And being denied free, quality healthcare is the tip of the iceberg.

Our housing market is so terrible, people my age don’t expect to ever own homes. Food prices are rising, and our incoming president certainly isn’t going to make that any better. I mean, he was president already, so we know how terrible he is. In less than three weeks, we’re going to be dealing with more of the same old shit that got us here.

Since I was seven years old, my understanding of what constitutes doomsday-level thinking has changed a great deal. I can laugh in particular about how drastically my view of the prison system has shifted. As a kid, I was afraid of criminals. Now, I fully support prison abolition. I realize that the system targets the poor and marginalized, and profits on their labor and suffering in the prison-industrial complex. If I knew then what I know now, I’d be glad to expect the mass release of imprisoned people.

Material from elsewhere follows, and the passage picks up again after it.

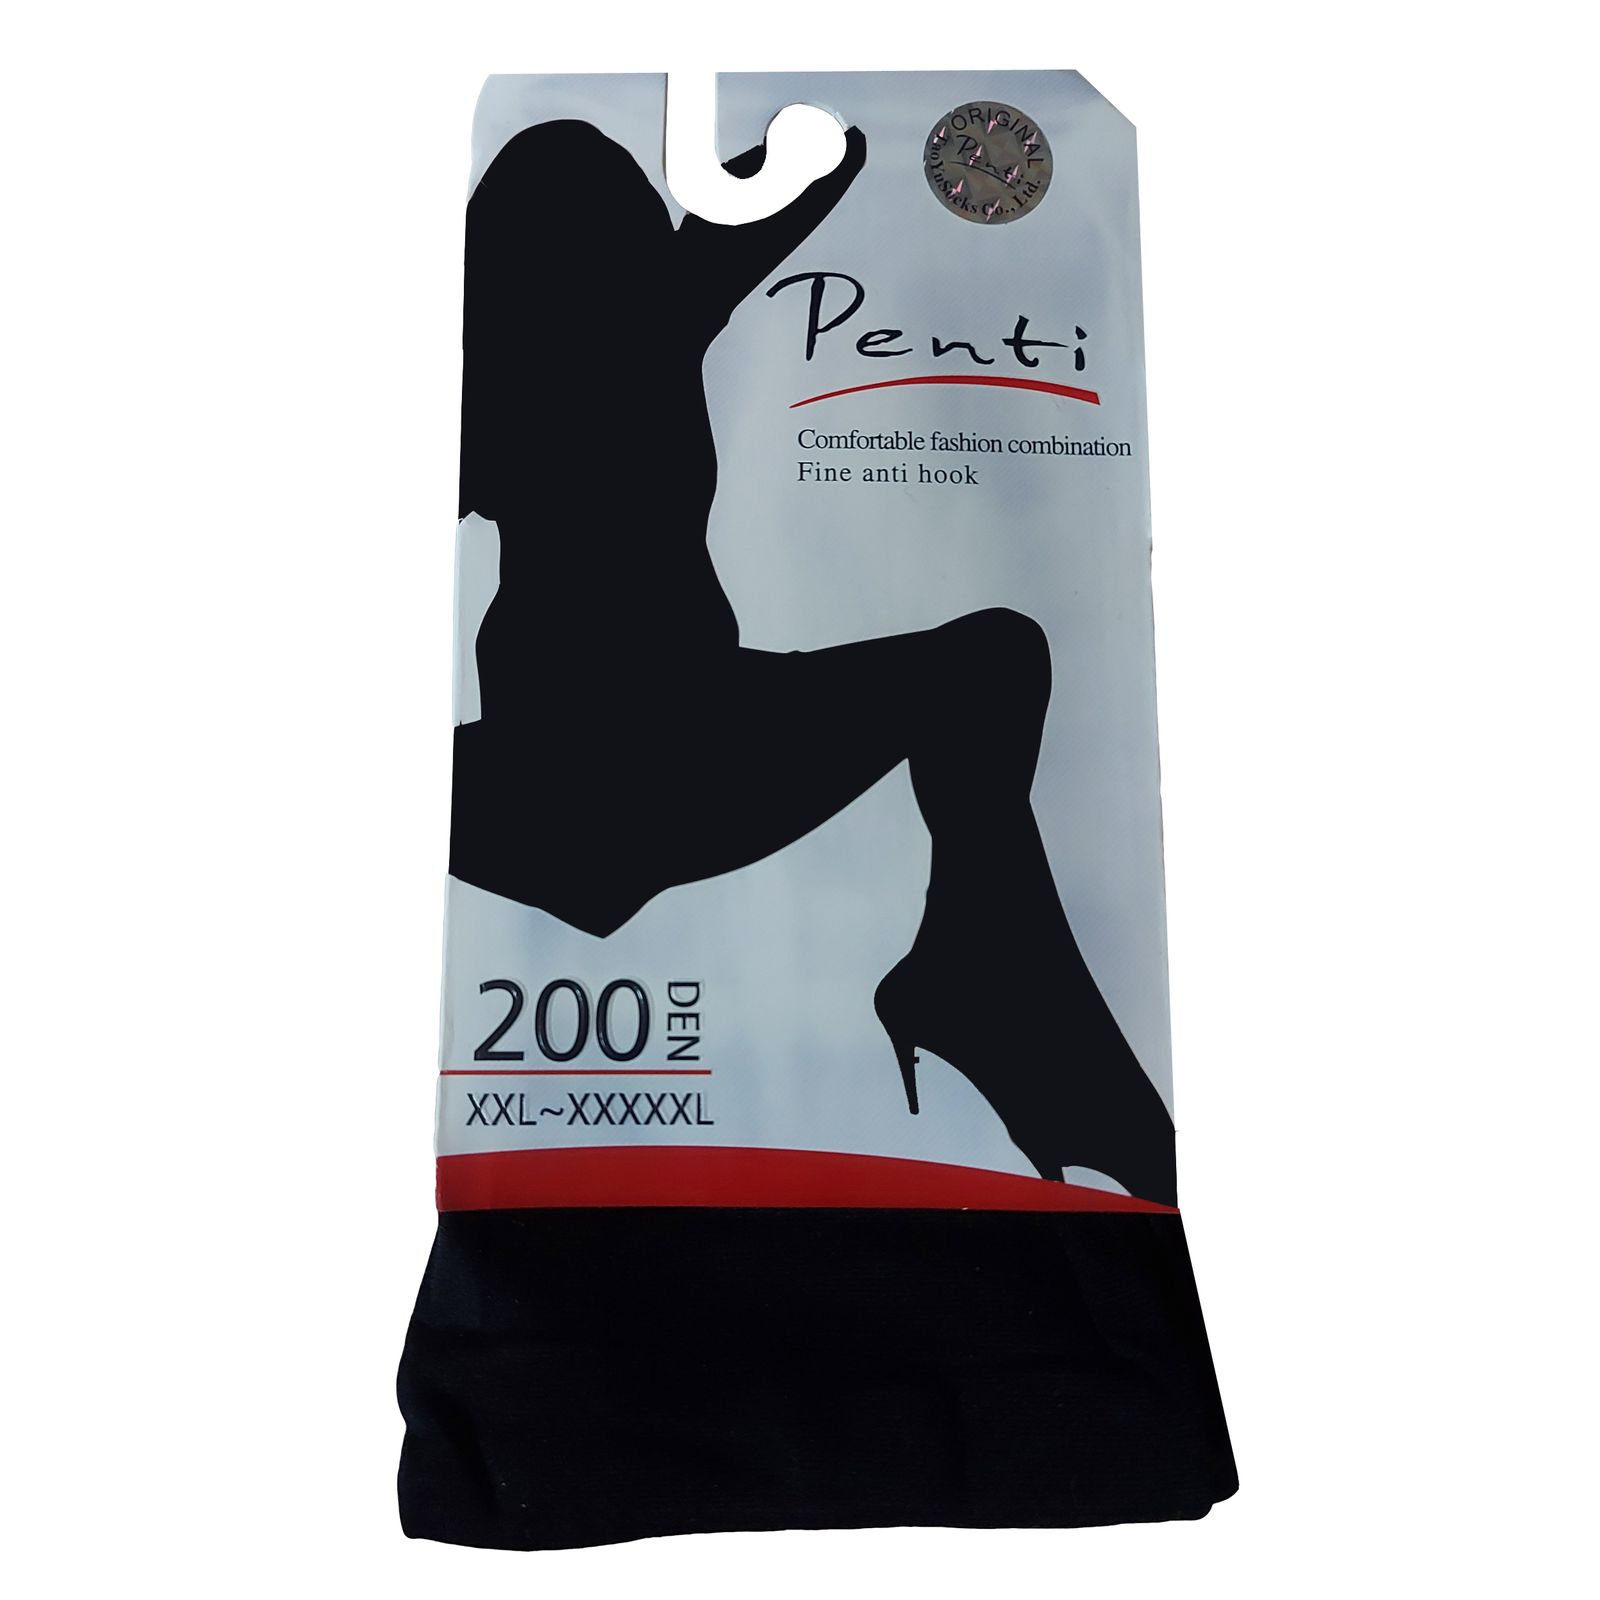 ساق شلواری زنانه پِنتی مدل DEN200 رنگ مشکی -  - 3

While it’s important that the year 2000 did not lead to the types of crashes predicted, I remember a different world than the one I know now. Climate change is upon us. My childhood had rainier springs and heavier winters. There used to be so many splattered insects on windshields, we’d have to scrub them frequently to see clearly. That is no longer true. Each year, our planet gets warmer and another collection of species goes extinct.

I don’t think it’s useful to fearmonger about instantaneous changes. However, I have seen a lot of change in my young life. Is my trepidation a lingering fear from 25 years ago? I don’t think so.

I no longer expect that the stroke of midnight on a new year will break a magical spell, so to speak. I no longer do extensive prepping for an impending apocalypse. Still, the changes of the past quarter century point to an undeniable shift toward a hotter climate and greater inequality.


Note: I haven’t been posting on any platforms in the past two months or so because it’s been painful for me to type due to a case of carpal tunnel. I had to drop several projects in November, and I’m slowly getting back into creating. Thank you all for your patience and support!